Looking at the projections based on data starting in 1995, the central forecast is completely different. While inflation peaks in early 2023, the cap is 3 percent. Moreover, inflation sinks below the 2 percent objective in later years. Importantly, the 90% confidence band is still wide, ranging from 1.5 to 4.7 percent. Moreover, these confidence bands are quite similar in size to those in the Federal Open Market Committee’s (FOMC) newly expanded, quarterly Summary of Economic Projections (SEP; see Figure 4.C. and Table 2 in the December 2020 edition).
PCE inflation forecast using the full sample from 1962 to 2019 (Quarterly), 2021-25
PCE inflation forecast using the recent sample from 1995 to 2019 (Quarterly), 2021-25
We draw two inferences from this simple analysis, one about the level of future inflation and one about forecast uncertainty. On the level, in our view, the unprecedented spring 2020 burst in money growth does not herald a return even to high single-digit inflation, much less the double-digit price increases of the mid-1970s and early 1980s. Experience shows that inflation is driven by a highly persistent process, with short- and medium-term fluctuations only very loosely related to the time path of monetary aggregates. Of course, given the wide forecast error bands, it could still rise significantly. But if it does, we would expect to first see an increase in inflation expectations—beyond the pattern of recent decades—driven by anticipation of strong and sustained economic growth. The latter also ought to drive up longer-term real interest rates—something that clearly is not happening (see chart).

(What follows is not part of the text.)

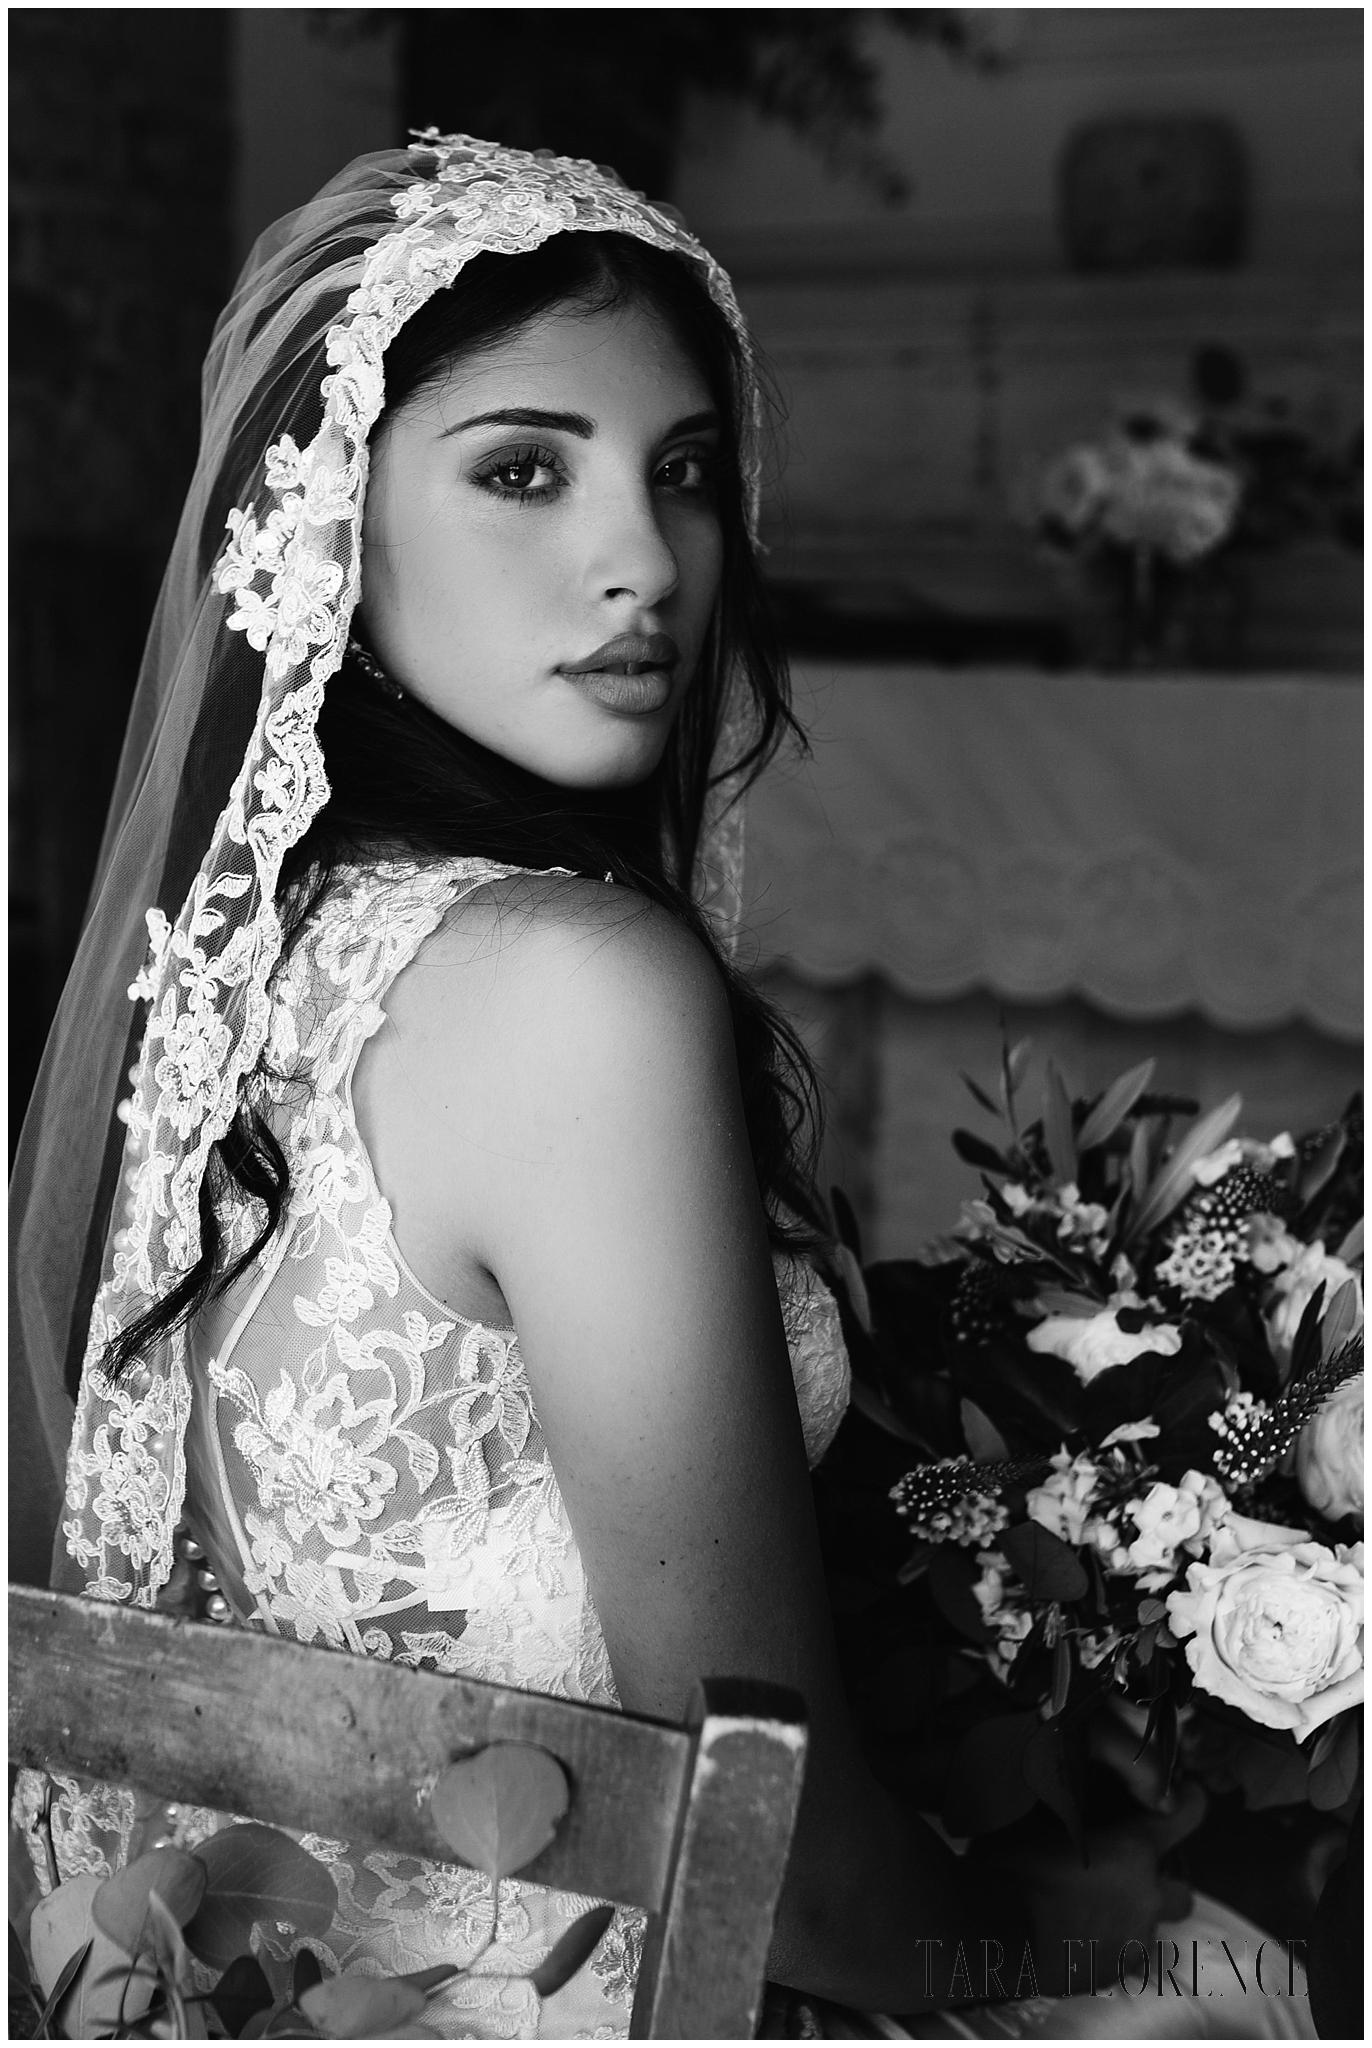 Puglia-Tara-Florence-Bridal-Editorial-148_WEB.jpg

As for uncertainty about future inflation, the unmistakable message is that it is chronically high—a point that the SEP makes clear. To put some numbers on this, while the FOMC’s longer-run inflation goal remains 2%, their uncertainty is consistent with a 90% confidence band even one year out that is a full 3 percentage points wide. That is, in the view of Fed policymakers, inflation could be as high as 3.5% or as low as 0.5%. As is the case in our simplistic analysis above, these measures of uncertainty come from looking at the performance of models over the past several decades. From our vantage point today, still in the midst of the COVID pandemic, this past experience looks strikingly tranquil. As a result, current uncertainty about future inflation likely is even higher than the pre-2020 history suggests.
To conclude, we return to our 2019 analysis of the Federal Reserve’s monetary policy communications framework (see here). There, we emphasize the importance of communicating in advance how policy would react to changing conditions. As Vice Chair Clarida states in the quote at the outset of this post, the issue is whether inflation persistently deviates from the longer-run goal, not why. Furthermore, what is important for monetary policymakers is that everyone understand how they plan to react to deviations. While we appreciate and support the need for extraordinary accommodation in the current circumstance, it is no less important for the FOMC be clear about how they would react to inflation across what is a broad range of plausible outcomes.
What will they do if inflation projections for 2023, currently equal to 2%, were to fall to 1% or rise to 3%? What is important for safeguarding stability is that everyone correctly anticipate policy plans when inflation or inflation expectations diverge from the FOMC’s longer-term goal. So, while we are untroubled by the 2020 spike in M2, to make the Fed’s average inflation-targeting regime as effective as possible, it is essential that we know how future inflation developments will prompt policymakers to act.